The iSR'obot Mona Lisa 2.0 system consists of a workstation, robotic navigation module (comprising of a motorized mechanical robotic arm, bed rail stabilizer or floor stand stabilizer) and disposables. The workstation is installed with application software that provides functions for image processing, image segmentation, 2D/3D visualization to support urologists or physicians in planning needle positions for procedures. The application software (UroBiopsy / UroTherapy) interfaces and controls the robotic arm to position its needle guidance mechanism at a trajectory to allow needle insertion by the physician. Another application software (UroFusion) provides an interface for users to perform contouring of the prostate gland and marking of suspected lesion regions, which can be imported into UroBiopsy or UroTherapy for image fusion during the procedure. The physician is able to review procedural data such as prostate information and model, needle positioning plan and trajectories, number of needles executed, etc., using a utility software (UroReview). A utility software (UroConnect) provides the connectivity solution to a picture archiving and communication system (PACS) server for downloading/uploading DICOM-compatible data. The bed rail stabilizer and floor stand stabilizer provide support for the robotic arm. They are to be attached to the bed rail or mounted on the floor respectively. Sterile disposables are used with iSR'obot Mona Lisa 2.0 during prostate procedures.
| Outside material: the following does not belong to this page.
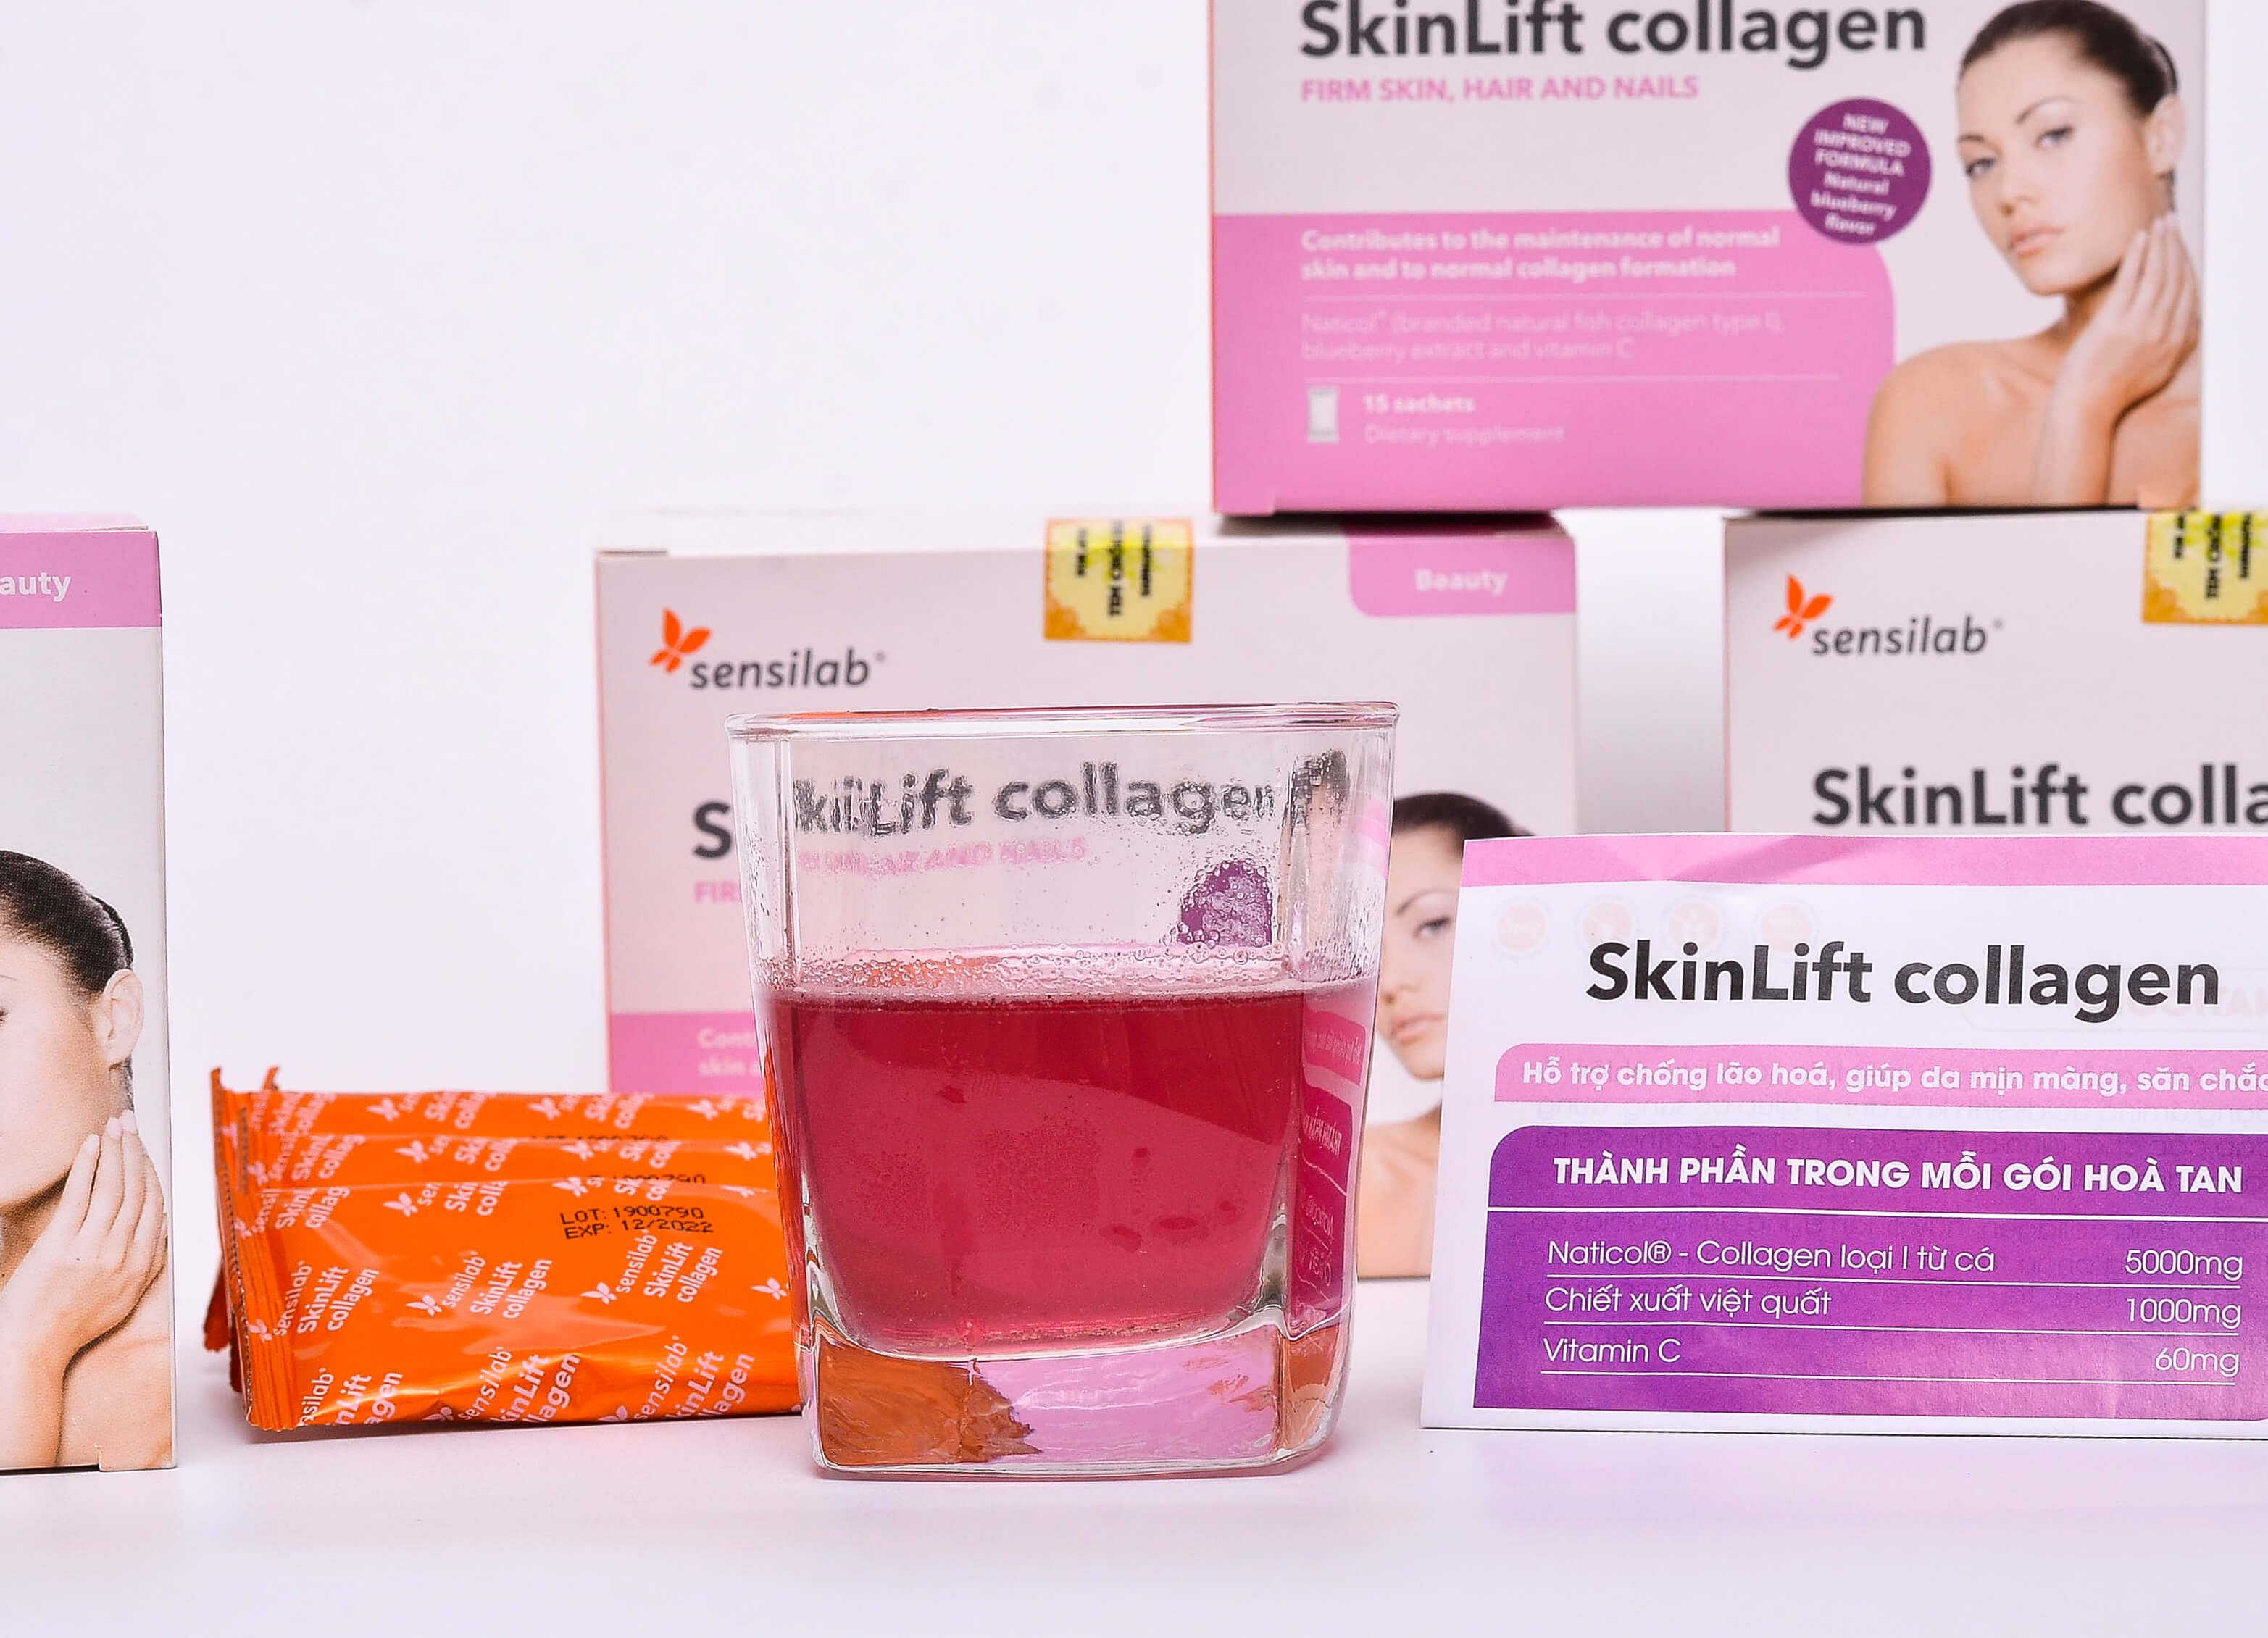  Skinlift Collagen chính hãng từ Slovakia

The system is compatible with commercially available ultrasound systems, transrectal ultrasound bi-plane probes, and commercially available needle devices.

The provided document indicates that the Biobot Surgical Pte Ltd iSRobot Mona Lisa 2.0is being submitted for 510(k) clearance based on its substantial equivalence to a legally marketed predicate device,iSRobot Mona Lisa 2.0 (K213411). The submission does not include clinical data, and therefore, no study proving device meets acceptance criteria based on clinical performance with human subjects. Instead, it relies on non-clinical testing to demonstrate that modifications to the device do not raise new questions of safety or effectiveness.

Here's a breakdown of the requested information based on the provided text:

1. A table of acceptance criteria and the reported device performance

The document does not explicitly present a table of acceptance criteria for specific performance metrics of the device as if it were a new device seeking initial clearance. Instead, it states that
All verification and validation activities were performed, and the results demonstrated substantial equivalence.
The acceptance criteria are implicitly tied to meeting the specifications and intended purpose of the modified components and software, and ensuring safety and effectiveness as compared to the predicate.

The reported device performance is described as:
The technological characteristics such as intended use, indications for use, method of operation, general function, and application of the subject device iSR 'obot Mona Lisa 2.0 are equivalent to the cleared predicated device iSR 'obot Mona Lisa 2.0 ([K213411](https://510k.innolitics.com/search/K213411)).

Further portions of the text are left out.